[AVAILABLE DATA]
------------------------------------------------------------------------
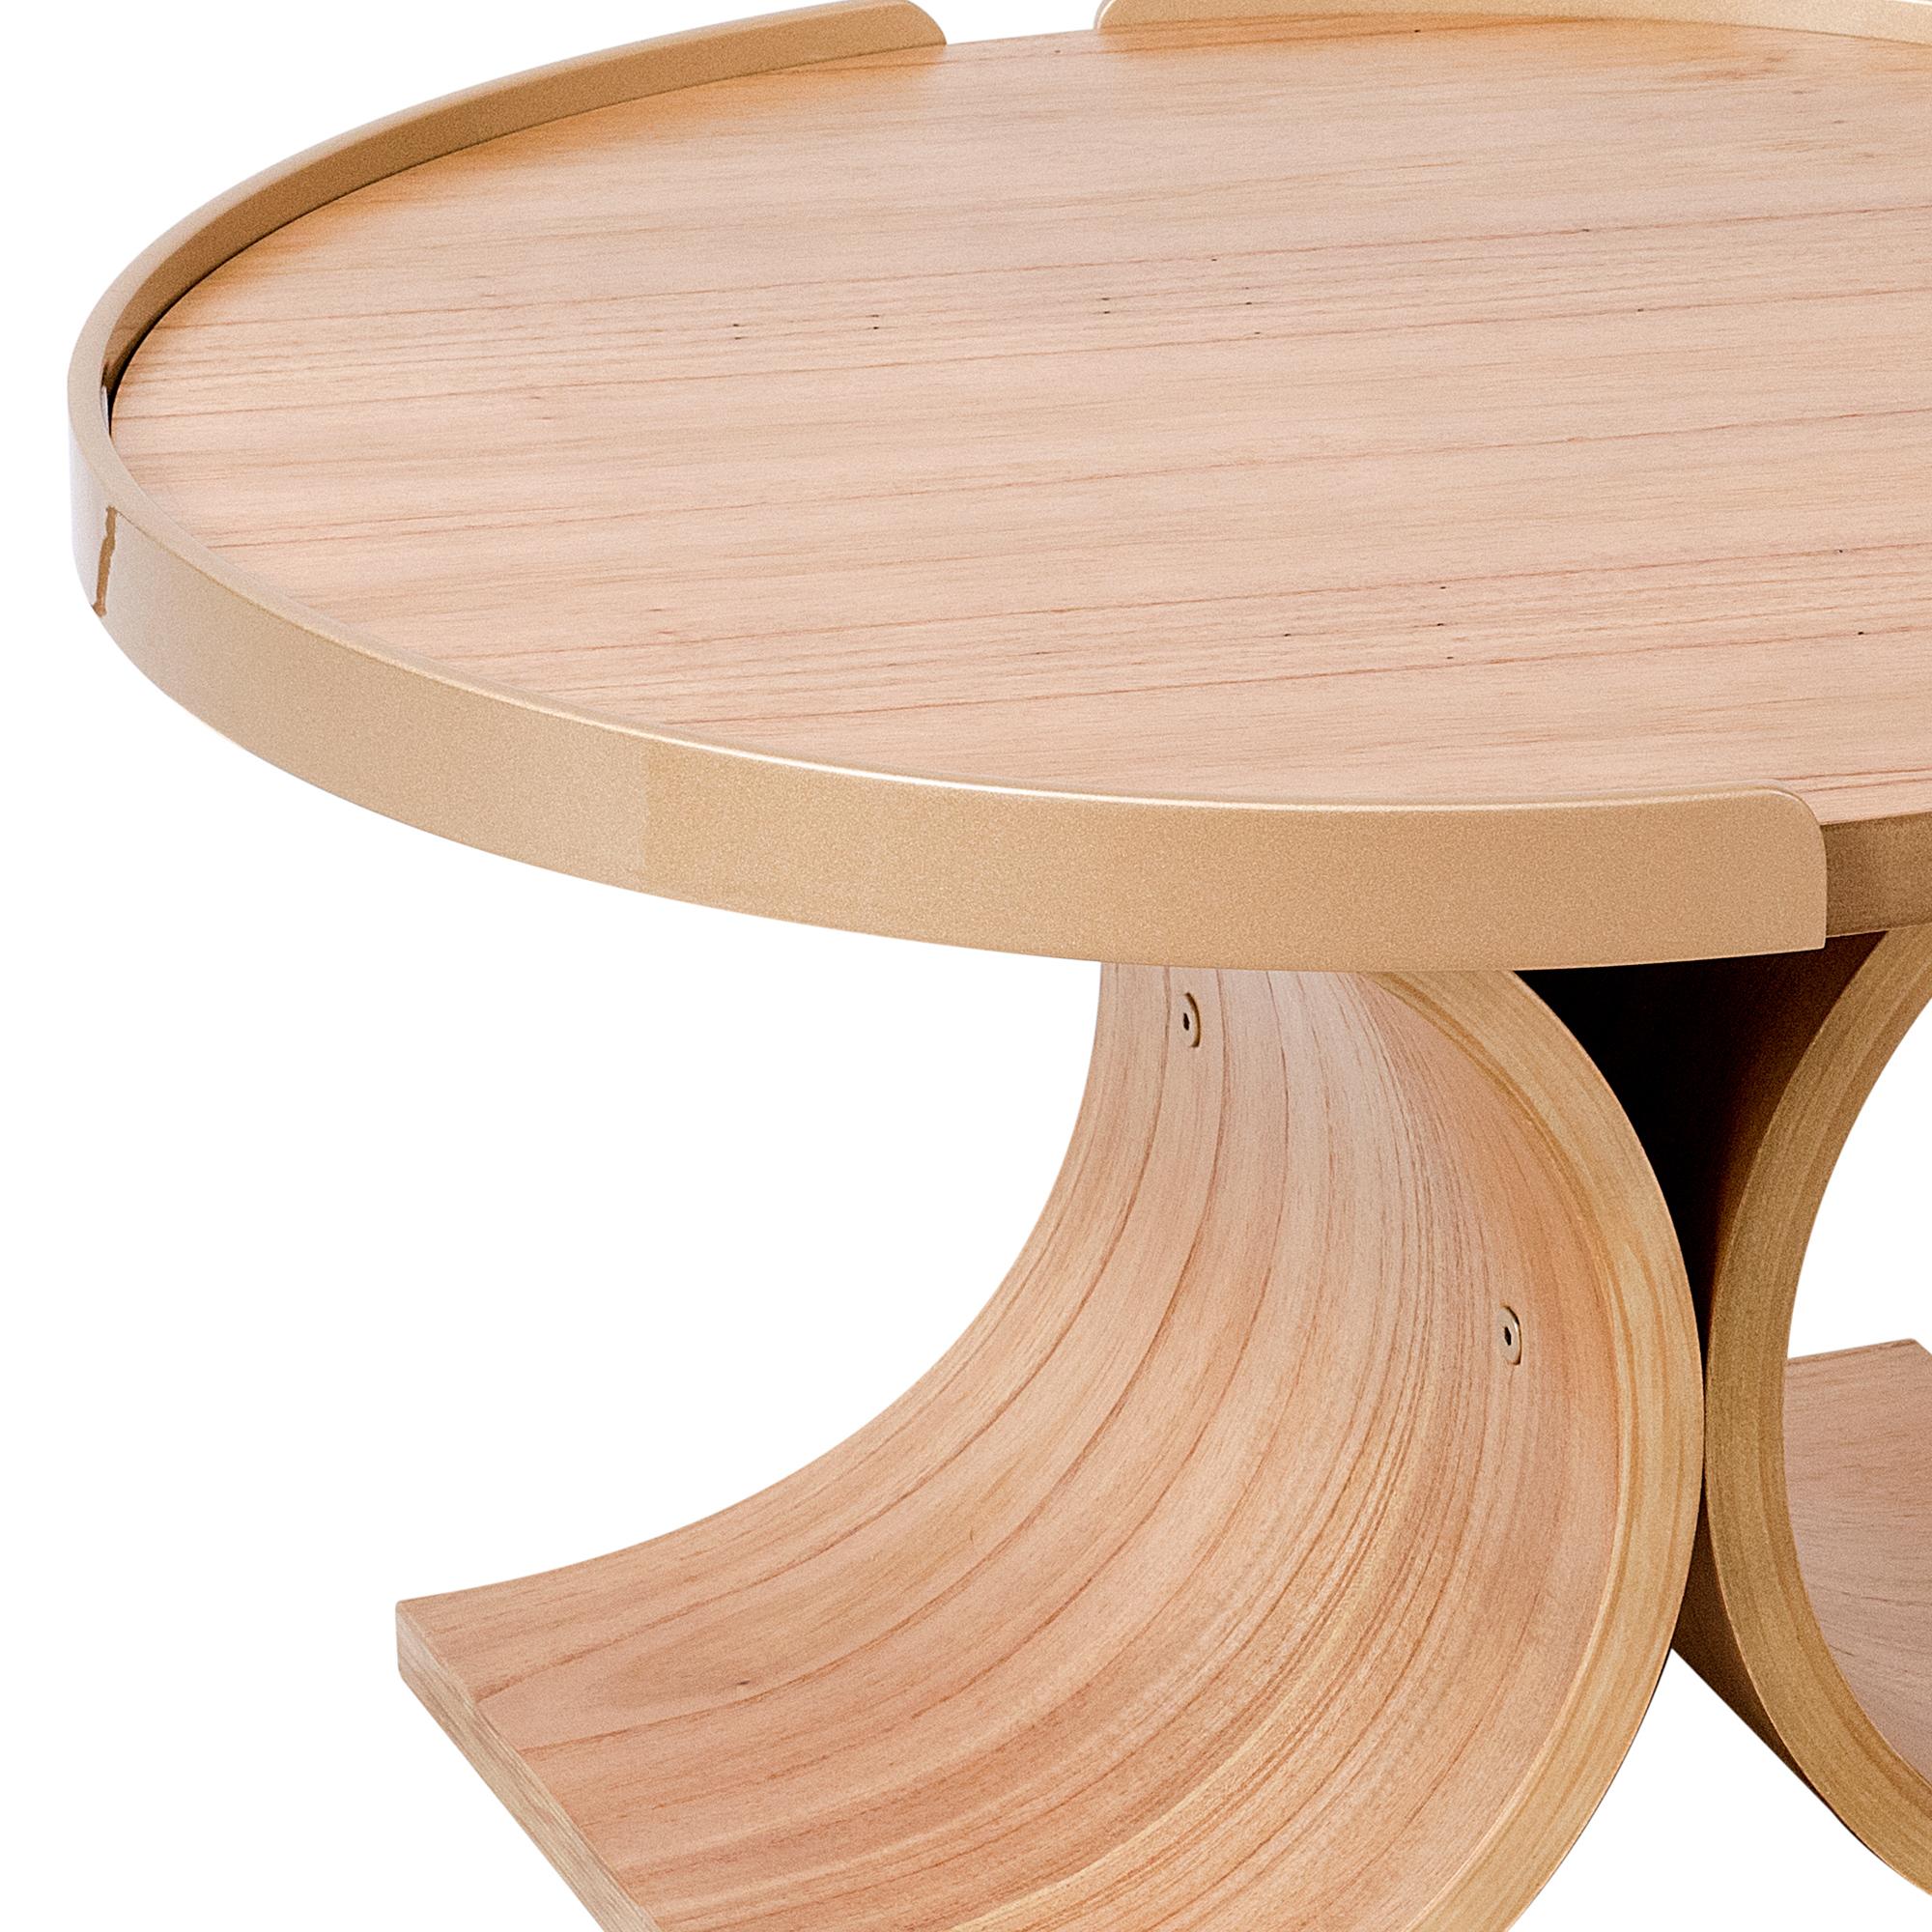 La table centrale Nature est dotée d'un piètement en multiplis de bois naturel cinnamon incurvé. (20mm d'épaisseur)
Le plateau est fabriqué dans le même bois et la même finition, la cannelle.  Sur les bords se trouvent deux demi-cercles en acier au
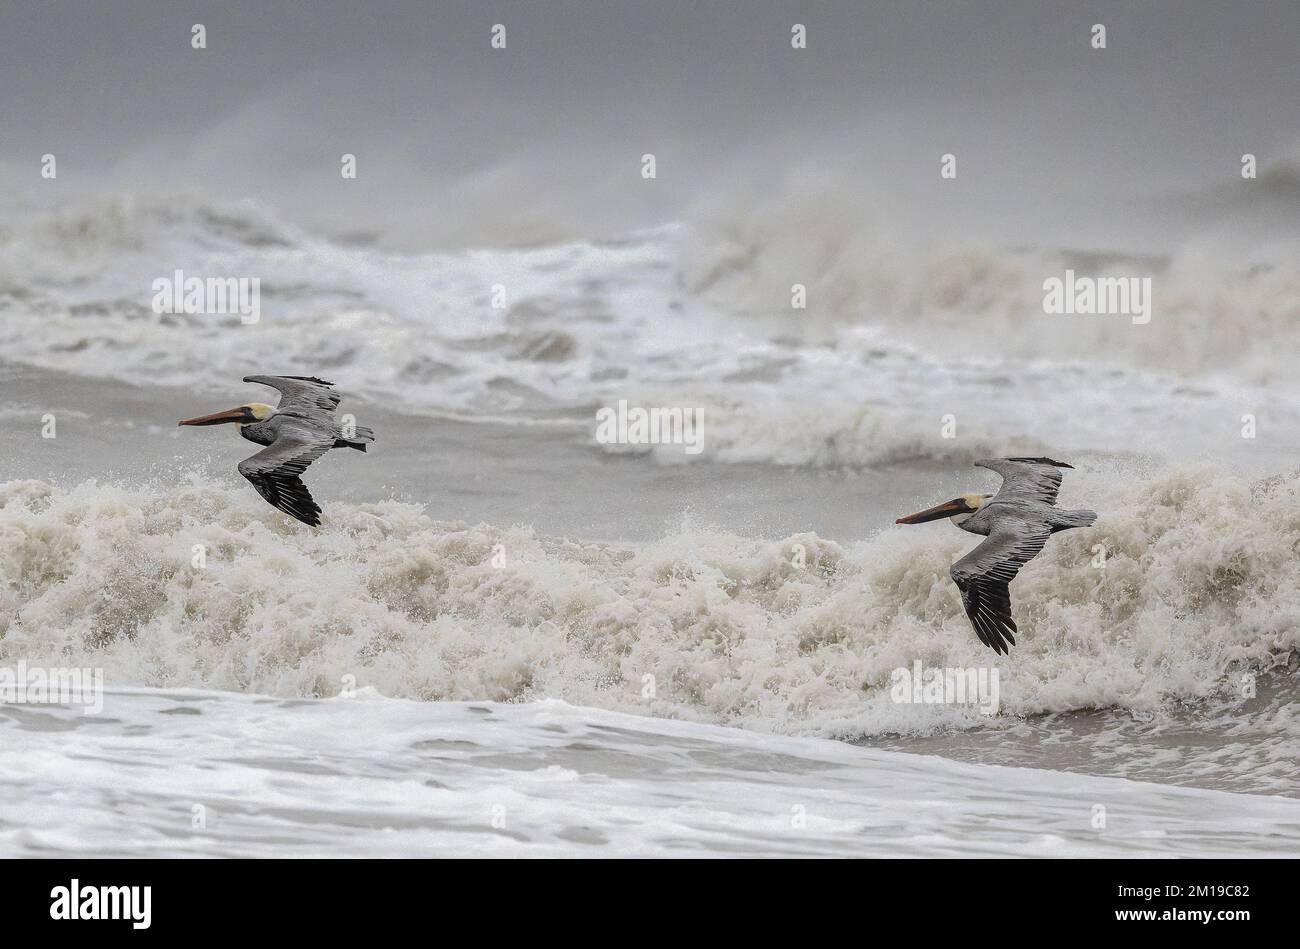 Pelicani marroni, Pelecanus occidentalis, volando sopra i mari accidentati nel Golfo del Messico, Texas meridionale, dopo le galee invernali. Foto Stock
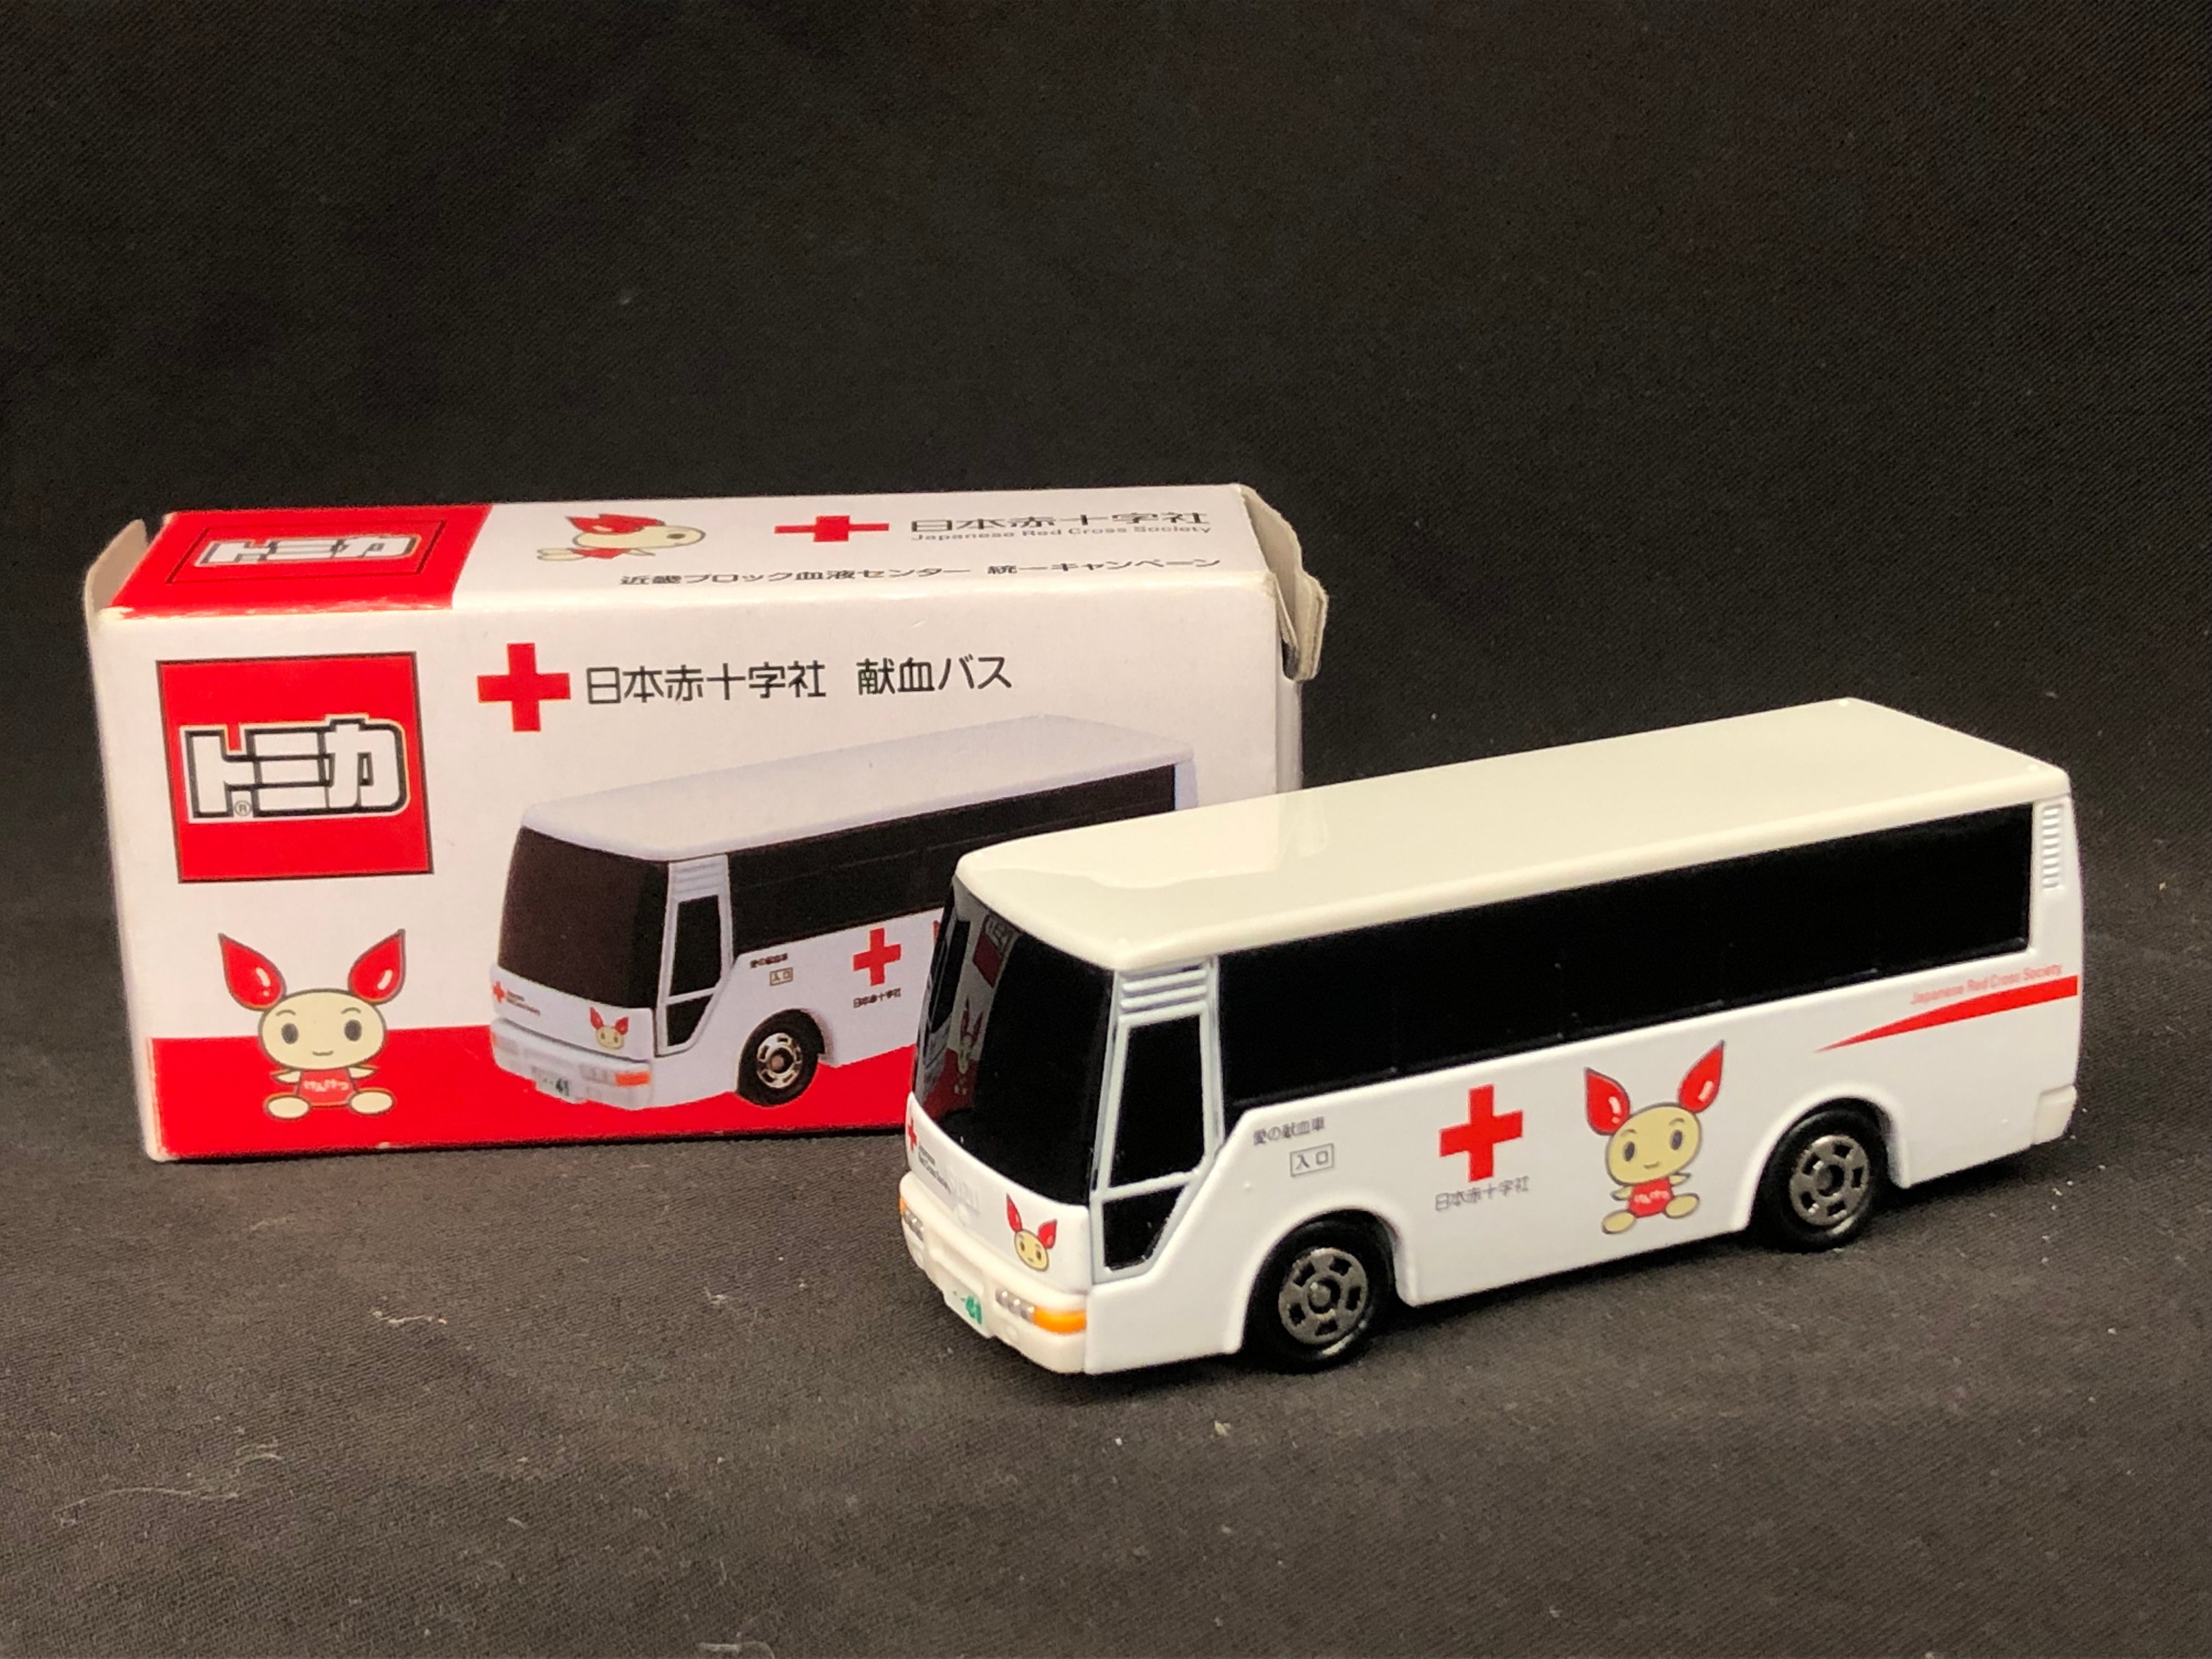 トミカ黒箱 8いすず バス(日本赤十字社献血バス)日本製 - ミニカー
------------------------------------------------------------------------
[TASK TO COMPLETE] In the answer, give only the lines from the top of the data above through the line with "Le plateau est", reproduced exactly; no picture may appear.

[FINAL ANSWER]
 La table centrale Nature est dotée d'un piètement en multiplis de bois naturel cinnamon incurvé. (20mm d'épaisseur)
Le plateau est fabriqué dans le même bois et la même finition, la cannelle.  Sur les bords se trouvent deux demi-cercles en acier au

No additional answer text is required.